Provisions will remain elevated. The management guided that provisions will remain elevated in 3QFY20. This will be due to forward looking adjustments as we had observed in the previous quarter. The management will include a management overlay to credit cost. Also, there will be “top up” provisions for legacy accounts in Indonesia and Singapore following from the surge in Covid-19 new cases globally. This is in line with our expectation but we expect it will slightly improve in 2HFY20 and FY21 due to absence of lumpy credit impairment seen in 1HFY20. Management is guiding a credit cost of 150bp to 200bp over the next two years

Overall NIM stable for 3QFY20. Overall, NIM for the Group seems stable for 3QFY20. In Malaysia, there could be an improvement on a sequential quarter basis. This is due to the fact that there will not be a repeat of the modification loss seen in 2QFY20. Also, the continued CASA growth and repricing of deposits from the OPR cuts will provide boost to NIM. Similarly, NIM in Thailand is stable while it is turning around in Singapore. However, NIM might face compression pressure in Indonesia as there is a lag effect to the rate cuts there and an underlying yield pressure.

NOII could come in higher. NOII could also see an improvement in 3QFY20. We understand that this will come from Treasury and Market operations. In the recently released F23+ plan by the Group, it is planning to grow NOII at a faster pace than NII on a CAGR basis. However, this does not entail taking unnecessary risk. We understand that it will be via strengthening the Treasury and Market operations in Singapore and Indonesia and focusing on growing its wealth management business.
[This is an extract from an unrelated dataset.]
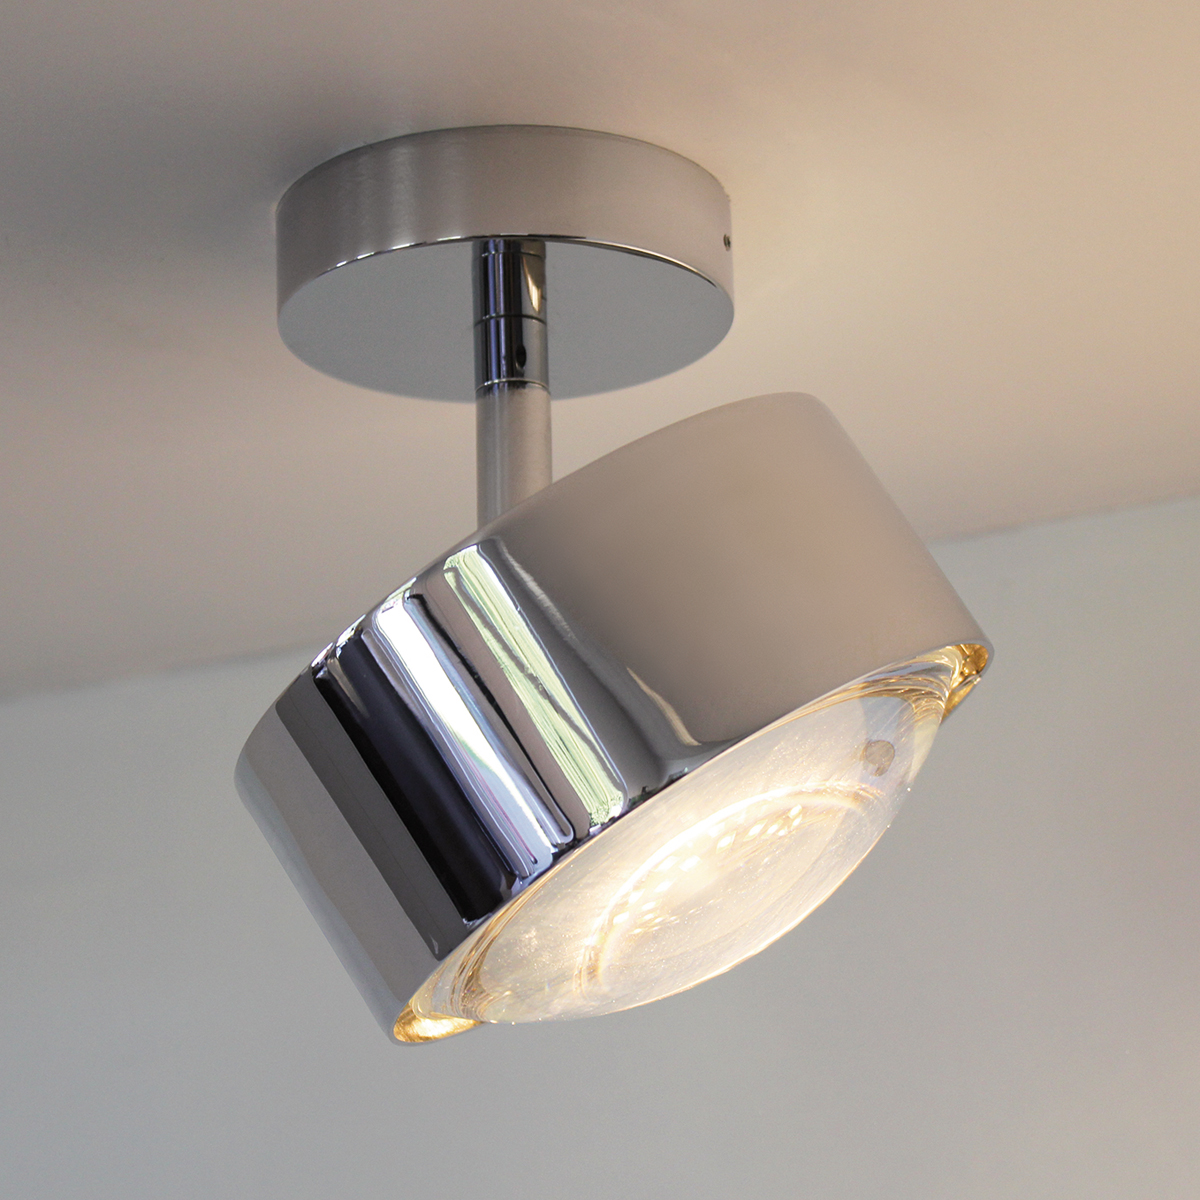 top light puk maxx turn led up down deckenleuchte. Black Bedroom Furniture Sets. Home Design Ideas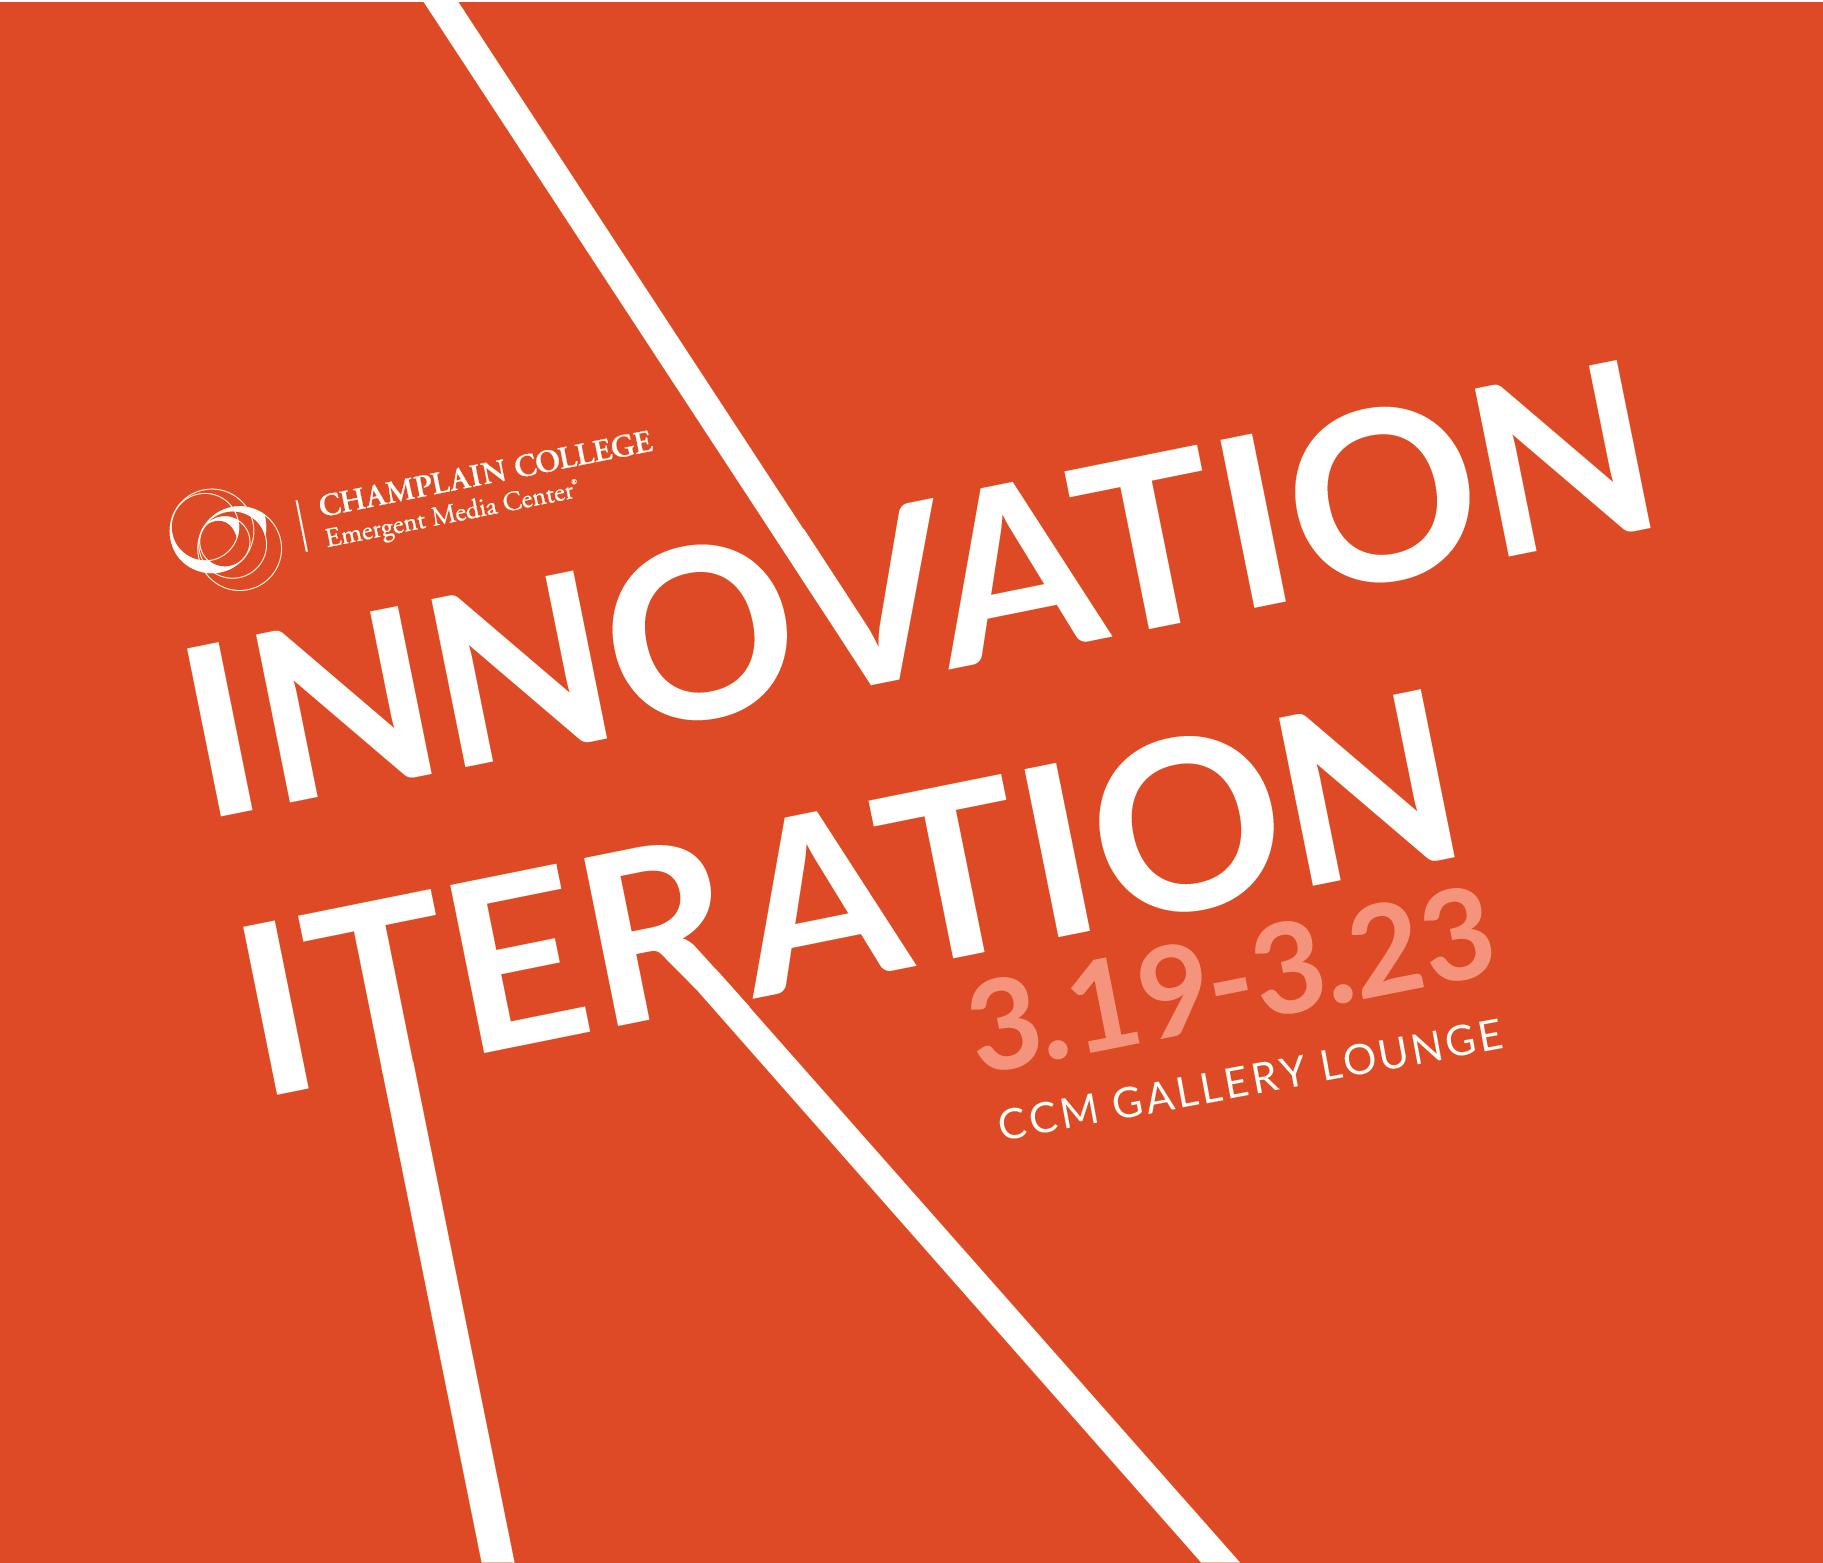 Innovation Iteration: An EMC Exhibit

Goodwill write-off a possibility. One possibility that the management is considering is the write-off of its goodwill. The goodwill had been accumulated through its acquisitions over the years. Given this, the Group may write-off its goodwill in stages. This could give an immediate uplift in ROE and increase the possibility of a higher dividend payout or removing its Dividend Reinvestment Scheme in later years.

No change in earnings forecast. We are maintaining our earnings forecast as the Group will be releasing its result next month.

Valuation and recommendation. We recognize the headwinds that the Group will be facing this year and next in light of the Covid-19 pandemic. We expect that credit cost might remain elevated up until 1HFY21 especially with low visibility on asset quality and resurgence in Covid-19 new cases. We will continue to monitor asset quality closely to see the impact post loan moratorium. However, we do believe that the Group will be facing current headwinds in the position of strength given the build-up of capital over the years. Moreover, we believe that since the Group is a Domestic Systemically Important Banks, it might be supported. Therefore, we maintain our call NEUTRAL with unchanged TP of RM3.50 based on pegging our FY21 BVPS to PBV of 0.6x. Although the expected total returns of the Group is more than 10% which should require us to upgrade our call, we are maintaining it at current juncture. This is due to our cautious stance in regards to the Group’s asset quality. We do not discount the possibility of revision in earnings forecast after the release of its 3QFY21 result which will lead to an adjustment to our TP.